Mais pour nous, le paysage, c’était autre chose. C’était notre univers. Le lac en particulier. Sur lequel, de temps en temps, on voyait la barque d’un pêcheur. Eh oui, même au cœur de l’été, surtout quand le ciel s’était chargé et qu’il pourrait y avoir de l’orage. Raison pour laquelle il ne fallait pas tarder, et charger en vitesse. Un joli char donc. Que tirait déjà la Land-Rover. Tantôt Mumu ferait du deux à l’heure sur le chemin encore de terre blanche à l’époque et avec des nids de poule. Pas que ça ballotte, pas qu’on aille verser! On avait grimpé sur le char, on s’était tous mis sur le foin. Mais auparavant, quand tout fut presque achevé, on était vite remontés là-haut, en bordure du pâturage de la Roche, près d’un pierrier, et l’on y avait cueilli des épilobes en épis. Et revenu en bas avec ces grandes fleurs élégantes, c’est la tante Esther qui nous avait fait un bouquet qu’elle avait attaché avec sa ceinture de similicuir bleue que d’ordinaire elle portait avec élégance autour de la taille. Sa robe d’été, un peu bouffante, était magnifique. Et puis l’on avait d’une manière ou d’une autre fixé ce joli bouquet à l’échelette qu’il y a devant le char. Et maintenant fouette cocher, tous dessus sauf l’oncle au volant, sa dent de râteau entre les dents, on se dirige contre le village.

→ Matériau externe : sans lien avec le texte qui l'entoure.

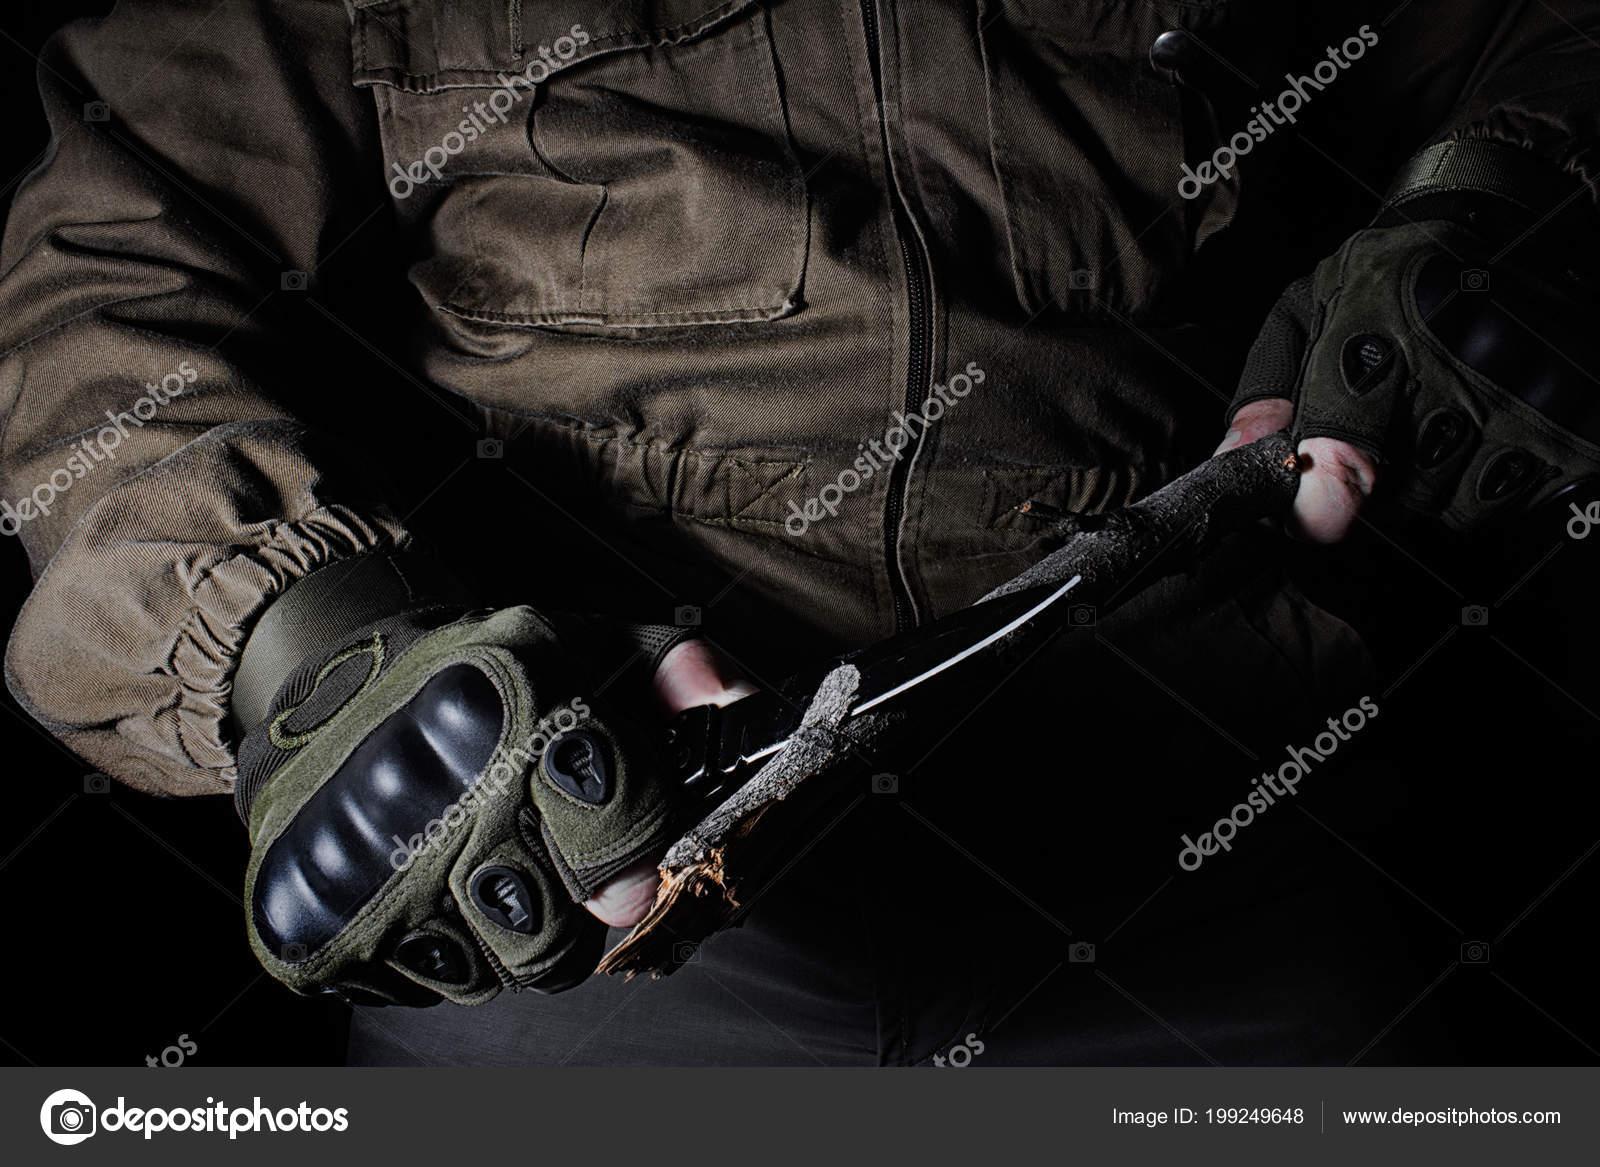 71998c1ec3ae Egy Férfi Akit Barna Taktikai Felszerelés Kabát Használja Kést Hogy– stock  kép
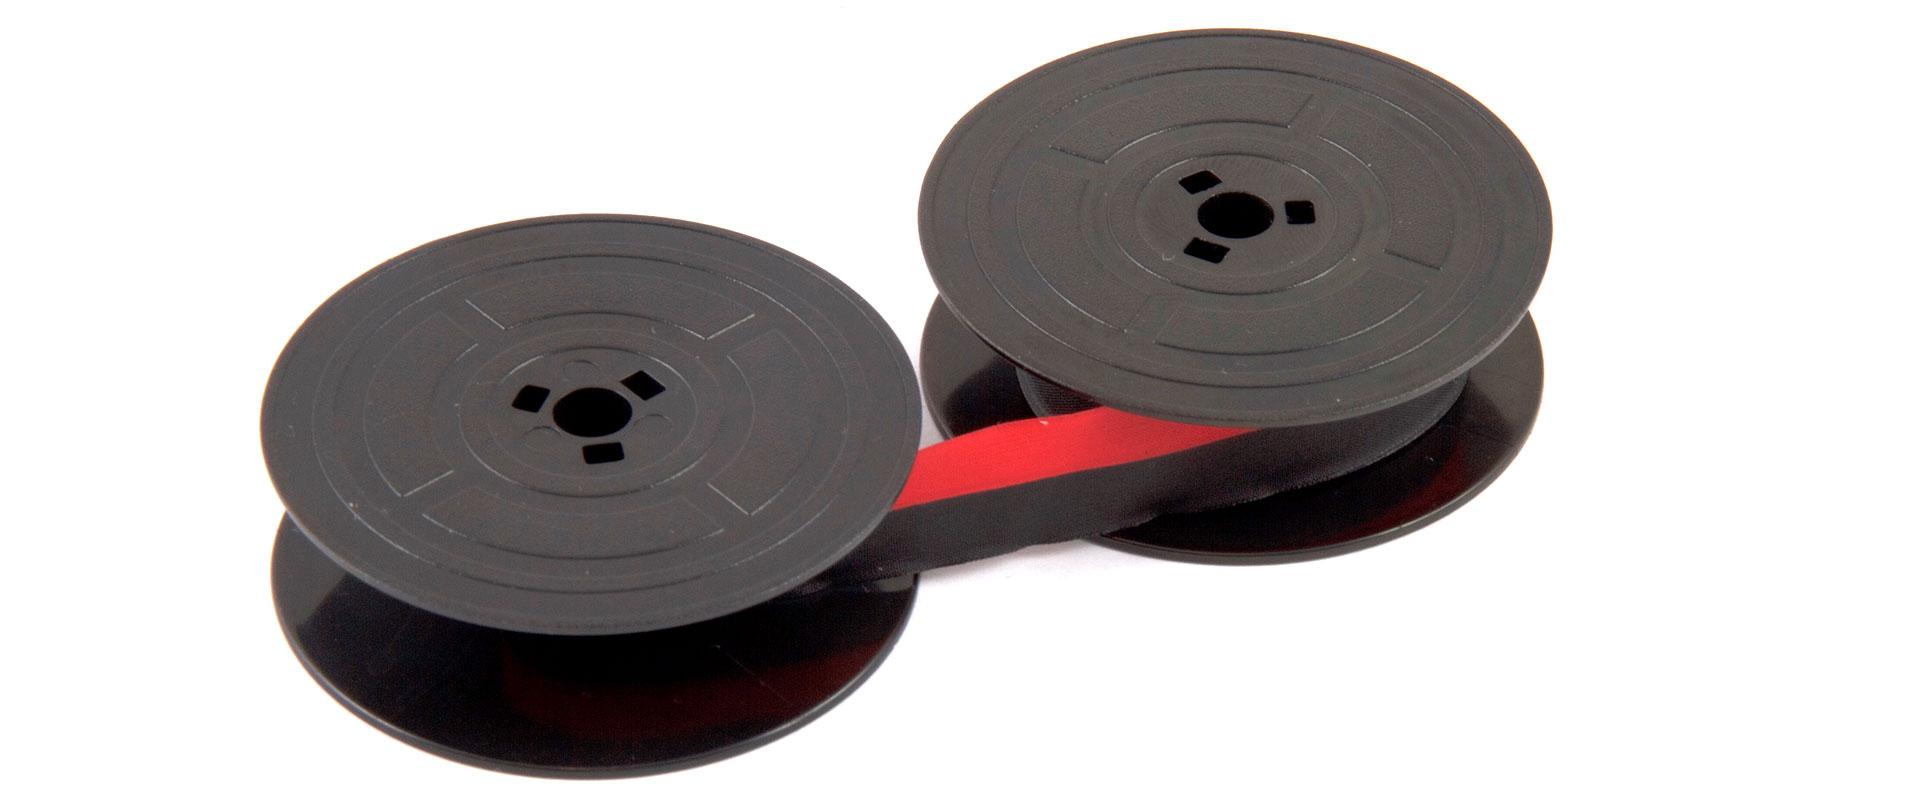 ärgband på spole och i kassett, korrigeringsband och bläckrullar

Mes amis, ce jour-là nous étions des rois. On l’était tellement que l’on chantait. Les Tsun ont enfin fini les foins, les Tsun sont si fiers d’être d’une grande famille et de posséder un vaste domaine. Parfaitement, on chantait, fait sans doute unique dans nos activités d’été pendant vingt ans. Des chants d’école. Ronflants. De belles chansons. Quel bonheur d’être si haut. D’aller sans fatigue. De voir le lac. D’être peut-être regardés et admirés par les gens que l’on voit au bord du chemin, à proximité de la plage. Et surtout de savoir que ce char est le dernier.
En vérité, c’était même peut-être le tout dernier. Puisque l’an d’après, la réunion parcellaire ayant fait sa
répartition, le champ du grand-père, situé tout là-haut aux Crêts de l’Epine, il lui avait échappé.
Mais si le folklore c’était désormais derrière, avec cette manière de procéder que l’on ne connaîtrait plus, on n’irait pas jusqu’à s’en plaindre!